Eric Ofori Antwi

Personal information
- Full name: Eric Ofori Antwi
- Date of birth: 30 October 1994 (age 31)
- Place of birth: Tamale, Ghana
- Height: 1.86 m (6 ft 1 in)
- Position: Goalkeeper

Team information
- Current team: Legon Cities
- Number: 16

Youth career
- 0000–2011: Red Bull Ghana

Senior career*
- Years: Team / Apps / (Gls)
- 2011–2014: Amidaus Professionals / 17 / (0)
- 2014–2017: Asante Kotoko / 15 / (0)
- 2017–2021: Medeama / 30 / (0)
- 2021–2022: Legon Cities / 5 / (0)
- 2022–: Hearts of Oak

International career^{‡}
- 2013: Ghana U20 / 11 / (0)

Medal record

Ghana

= Eric Ofori Antwi =

Ghanaian footballer (born 1994)

Eric Ofori Antwi (born 30 October 1994) is a Ghanaian professional footballer who plays as a goalkeeper for Legon Cities in the Ghana Premier League. In 2013, coach Sellas Tetteh called him up as a number one goalkeeper and to be a member of the Ghana national under-20 football team for the 2013 African Youth Championship and for the 2013 FIFA U-20 World Cup.

==Club career ==
Antwi signed for Amidaus Professionals on 1 January 2012. In January 2015, he signed for Asante Kotoko from Amidaus Professionals.
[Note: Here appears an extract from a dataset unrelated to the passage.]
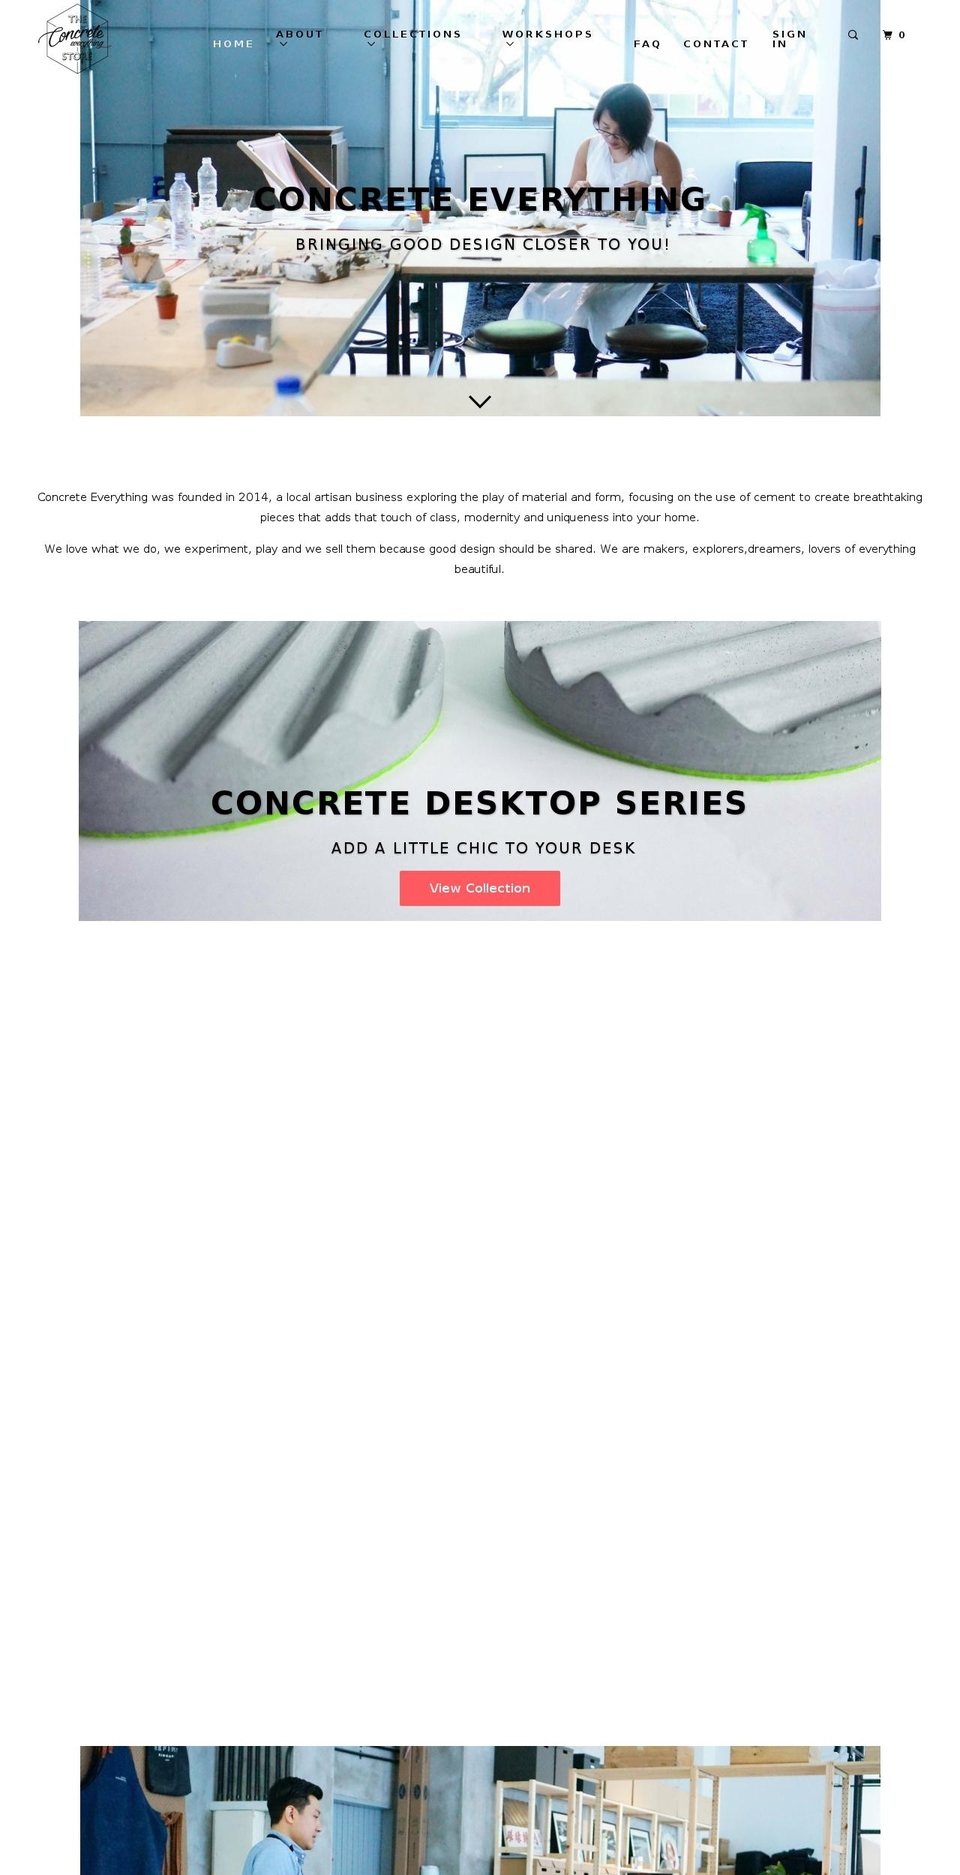 Colors Shopify theme site example concrete-everything.com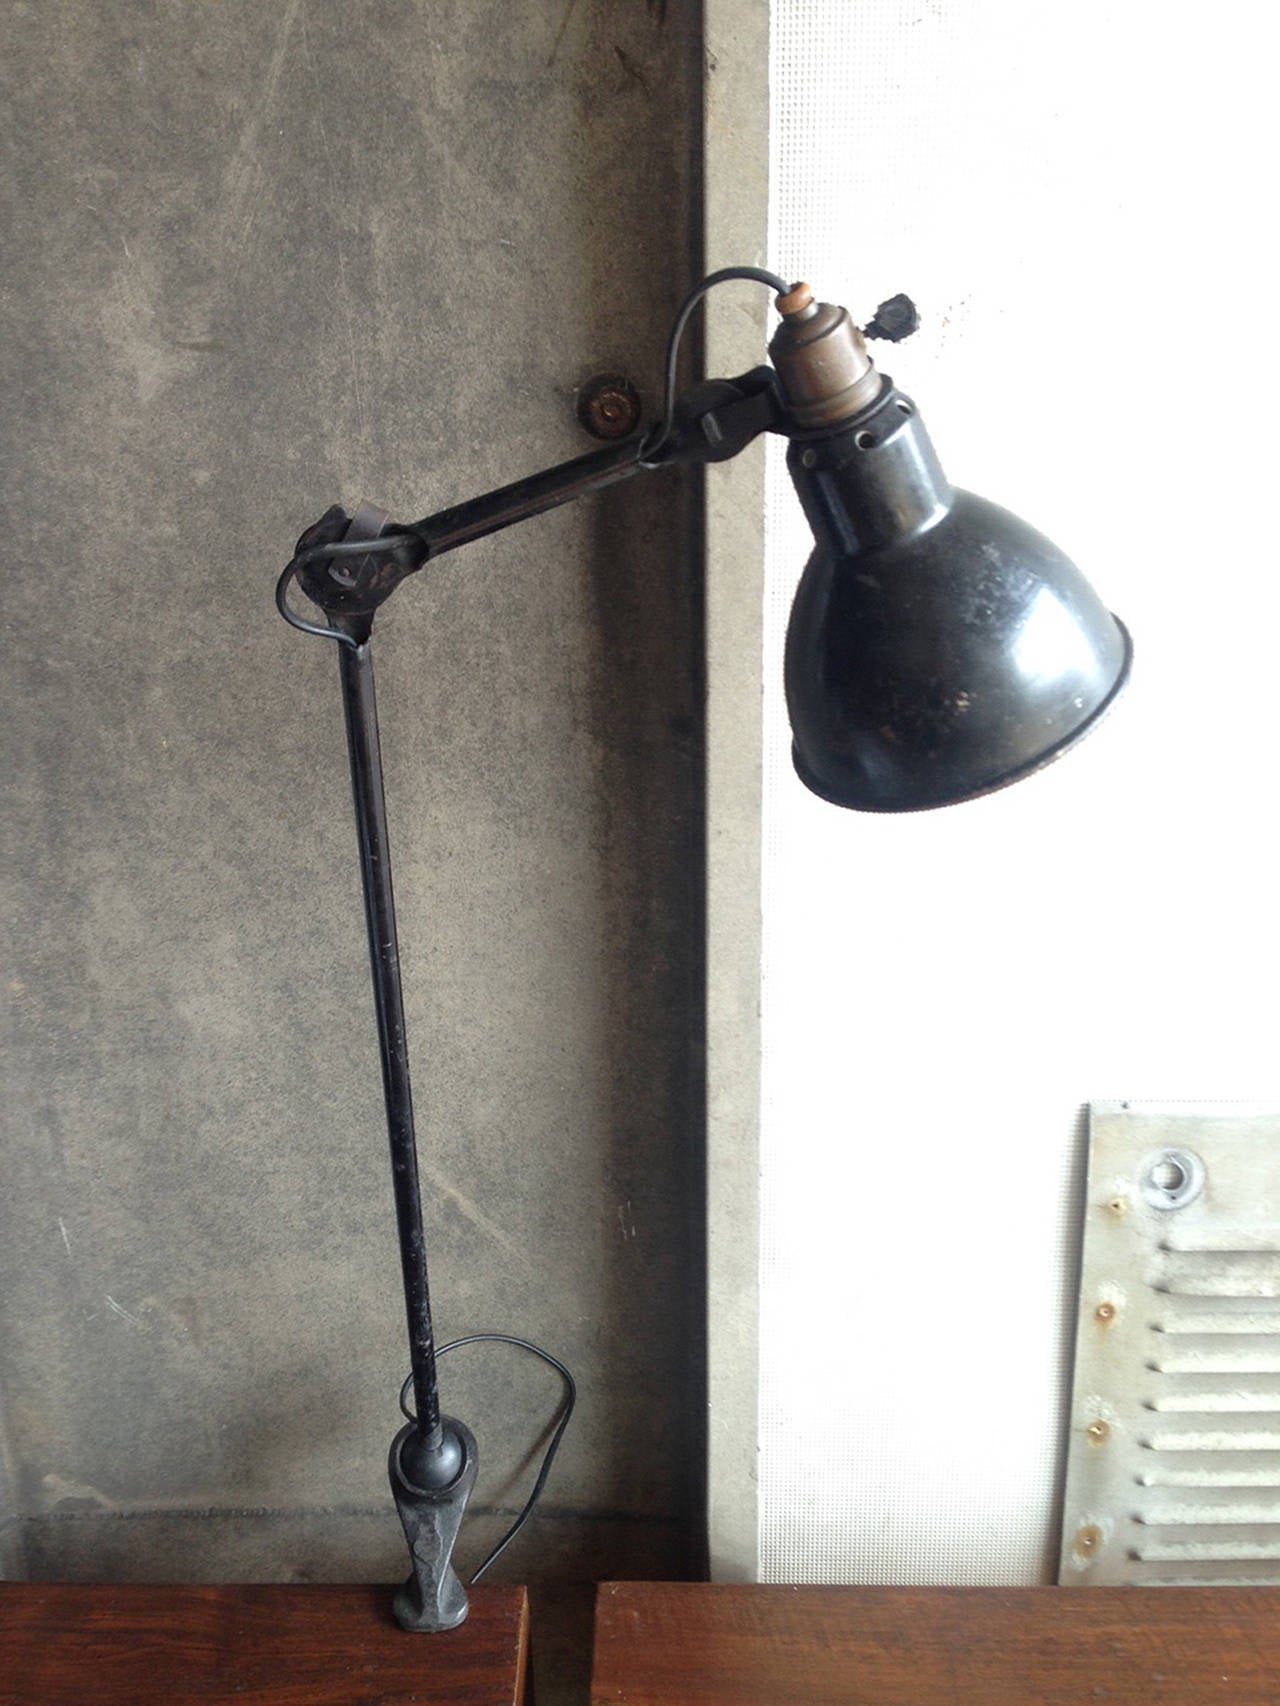 Original,1921 adjustable Lampe Gras Model 201. Cast steel with pivoting ball joint and table-top clamp. Bernard-Albin Gras, born in France in 1886, was an engineer dedicated to improving working conditions of mass labourers. An admirer of the lamp's

On 3 August 2022, Ofori Antwi joined Ghanaian side Hearts of Oak. On 1 September 2023, he suffered an injury that would keep him out for the first 12 matches of the season.

==International career==
In 2013, Ofori Antwi was appointed the number one goalkeeper of the Ghana U20 national team for the 2013 African Youth Championship and was crowned as the Most Valuable Player (MVP) and for the 2013 FIFA U-20 World Cup.

== Career statistics ==

=== Club ===

| Team | Season | Domestic League |  | Domestic Cup |  | Continental Competition^{1} |  | Other Tournaments^{2} |  | Total |  |
| Apps | Goals | Apps | Goals | Apps | Goals | Apps | Goals | Apps | Goals |
| Amidaus | 2012–13 | 0 | 0 | 0 | 0 | 0 | 0 | – |  | 0 | 0 |
| 2013–14 | 1 | 0 | 0 | 0 | 0 | 0 | – |  | 1 | 0 |
| Asante Kotoko | 2014–15 | 0 | 0 | 0 | 0 | 0 | 0 | – |  | 0 | 0 |
| Career Total |  | 1 | 0 | 0 | 0 | 0 | 0 | 0 | 0 | 1 | 0 |

^{1}African competitions include the CAF Champions League and the CAF Confederations Cup.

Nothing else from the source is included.